__WHAT YOU NEED TO DO__:
Copy out and return the lines from the one holding "CONVOCATORIA ASAMBLEA GENERAL" to the end of the listing below, both included, omitting the pictures.

__SOURCE DATA__:
━━━━━━━━━━━━━━━━━━━━
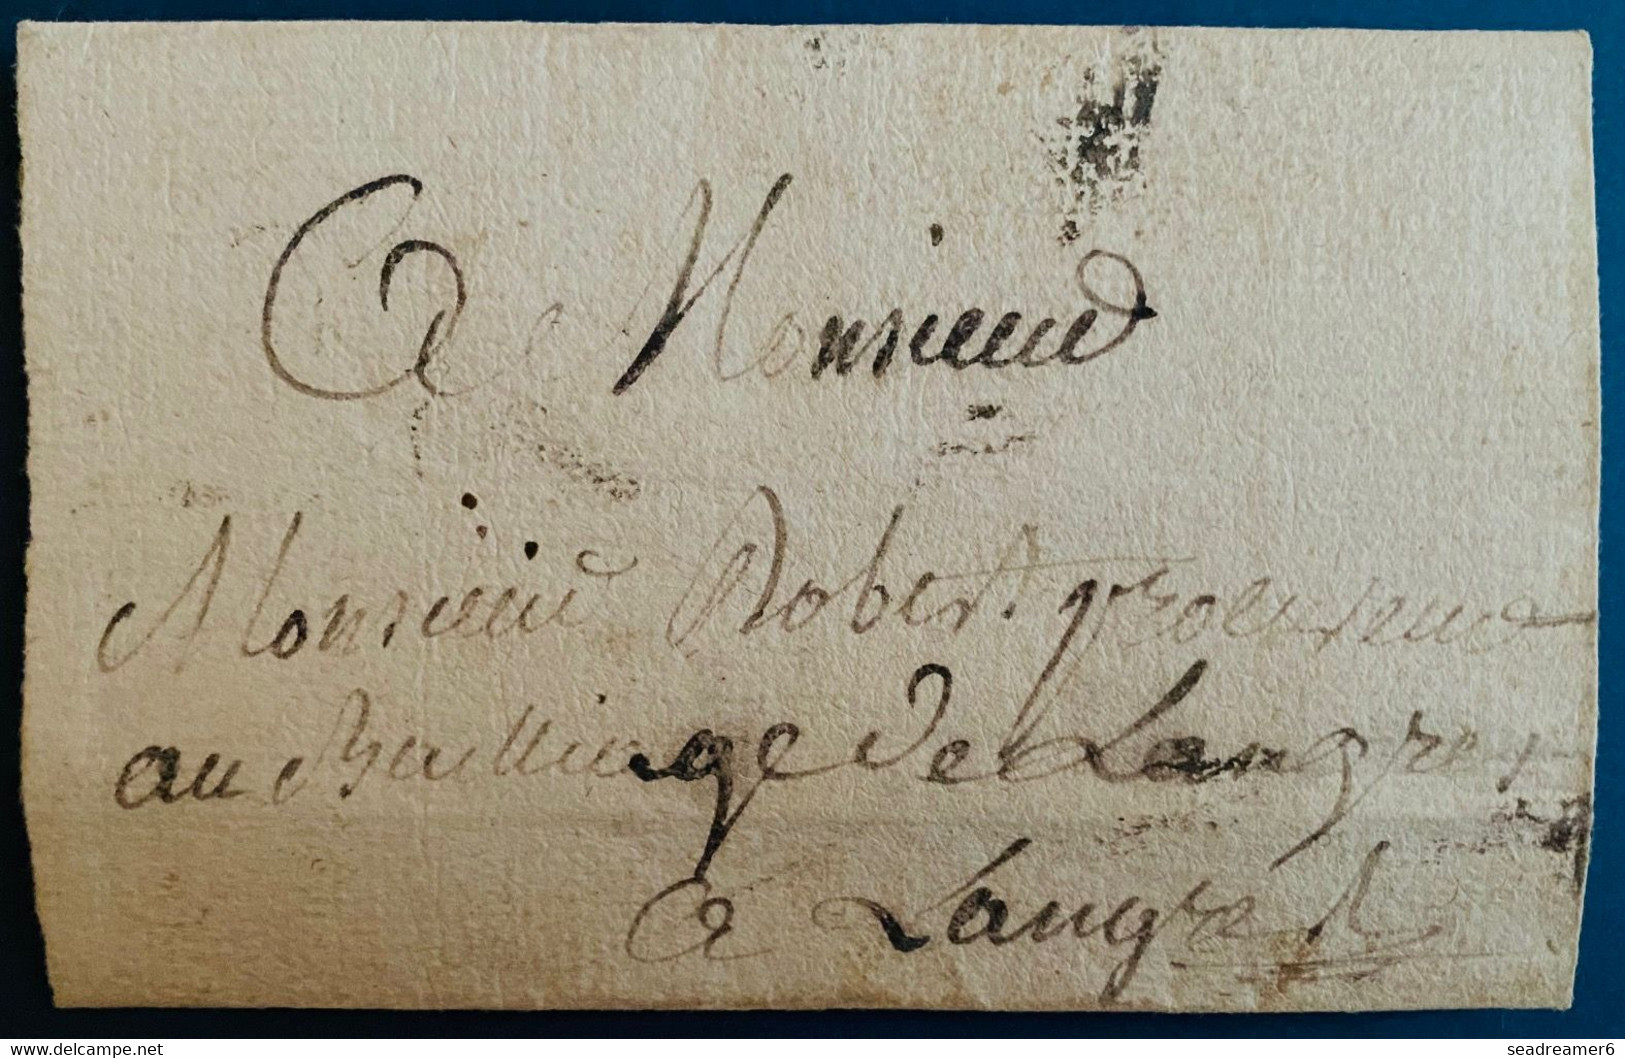 France Lettre Du 16 Aout 1780 !! De Lavernoy Pour Le Procureur De Langres TTB - ....-1700: Voorlopers
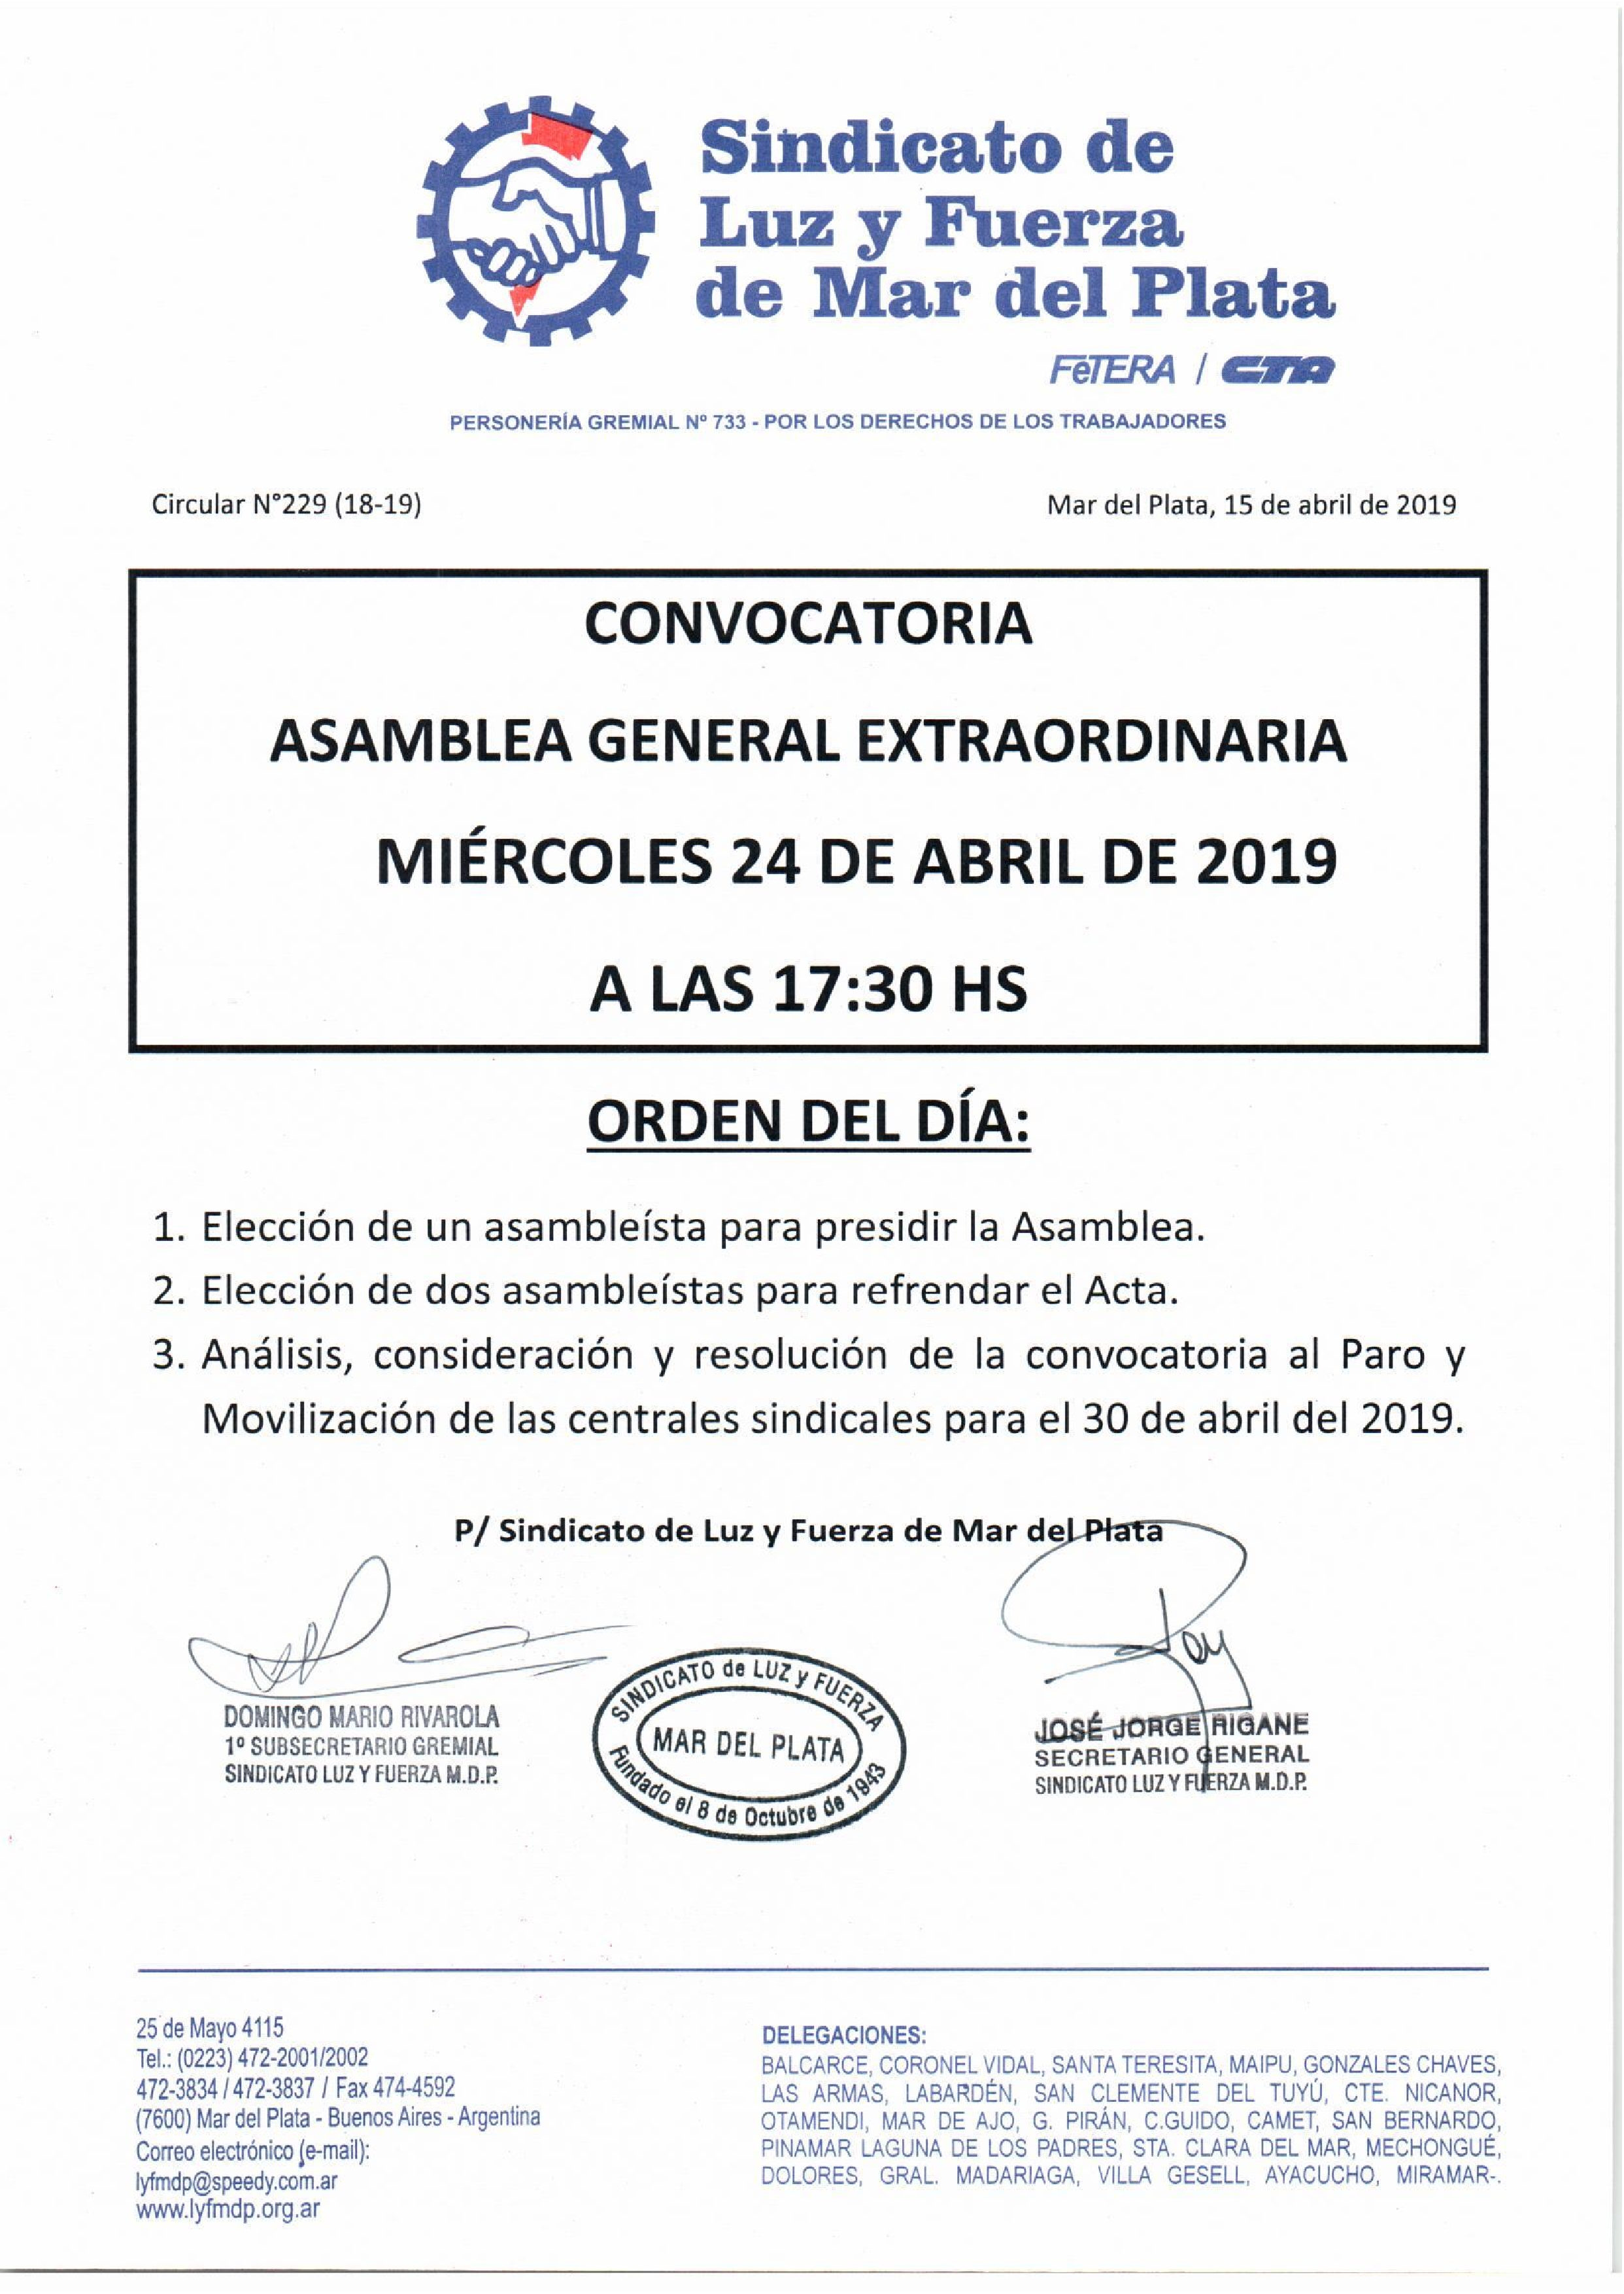 CONVOCATORIA ASAMBLEA GENERAL EXTRAORDINARIA 24.4.19
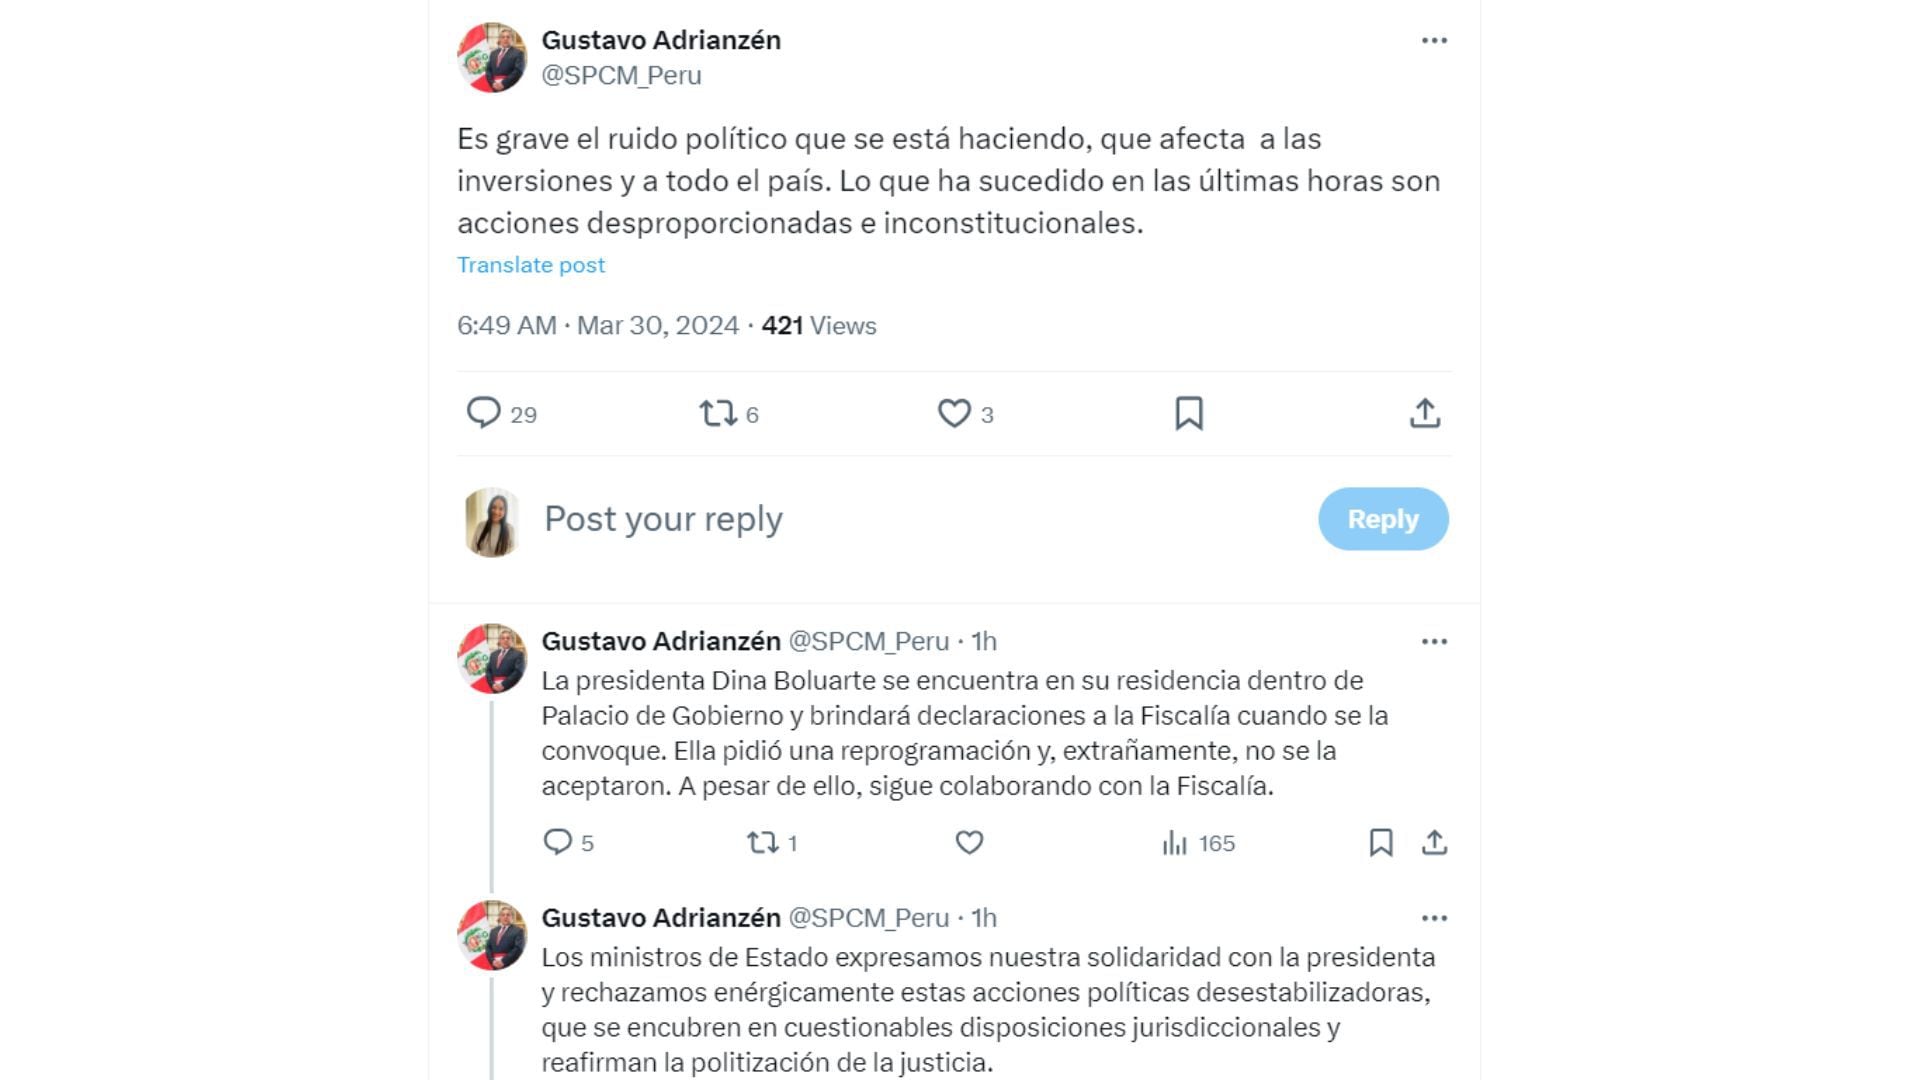 El premier Gustavo Adrianzén descarta renuncia de la presidenta Dina Boluarte y los ministros de Estado| X
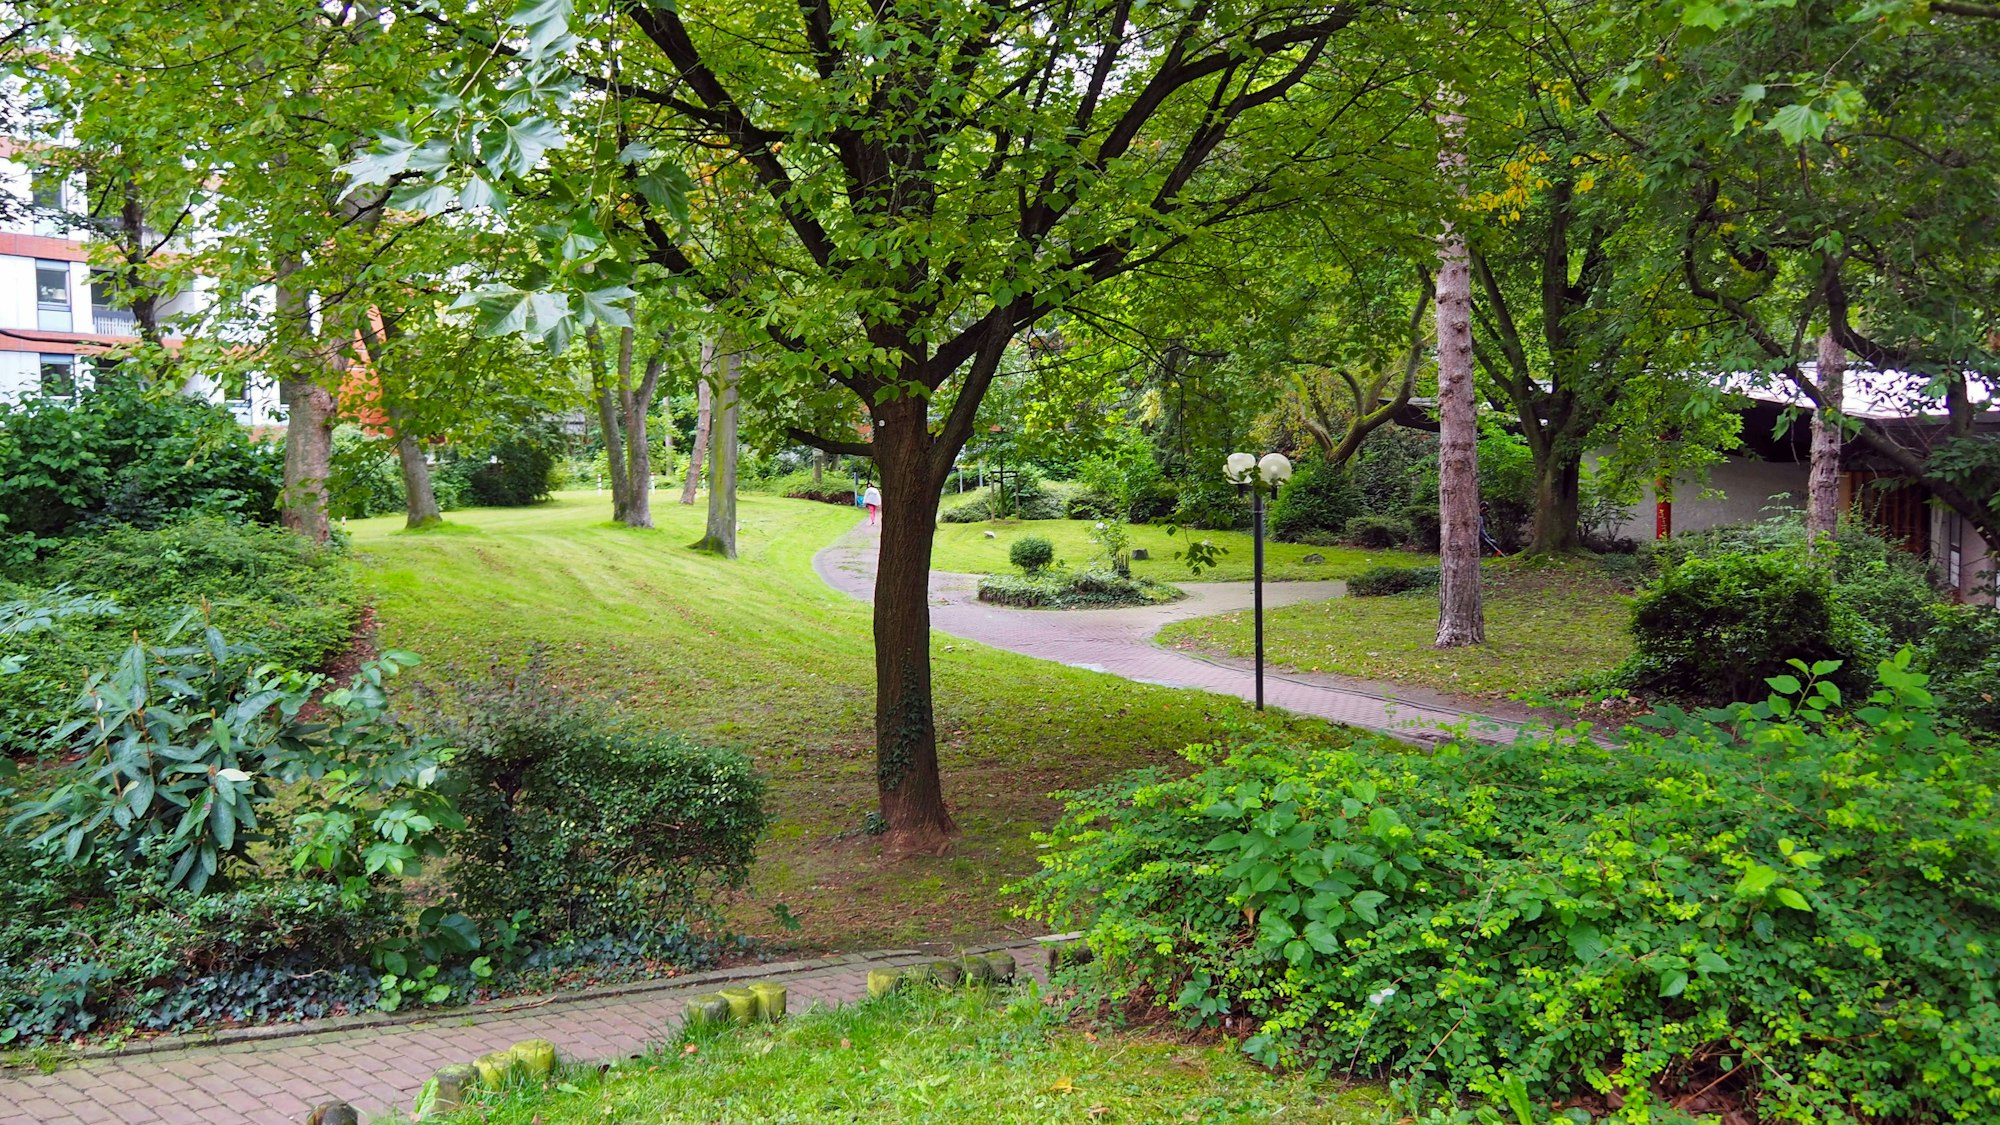 Ein gepflegter Park mit Bäumen und Wegen ist zu sehen.
━━━━━━━━━━━━━━━━━━━━
__RESPONSE AREA__:
 CONVOCATORIA ASAMBLEA GENERAL EXTRAORDINARIA 24.4.19
 El premier Gustavo Adrianzén descarta renuncia de la presidenta Dina Boluarte y los ministros de Estado| X
 Ein gepflegter Park mit Bäumen und Wegen ist zu sehen.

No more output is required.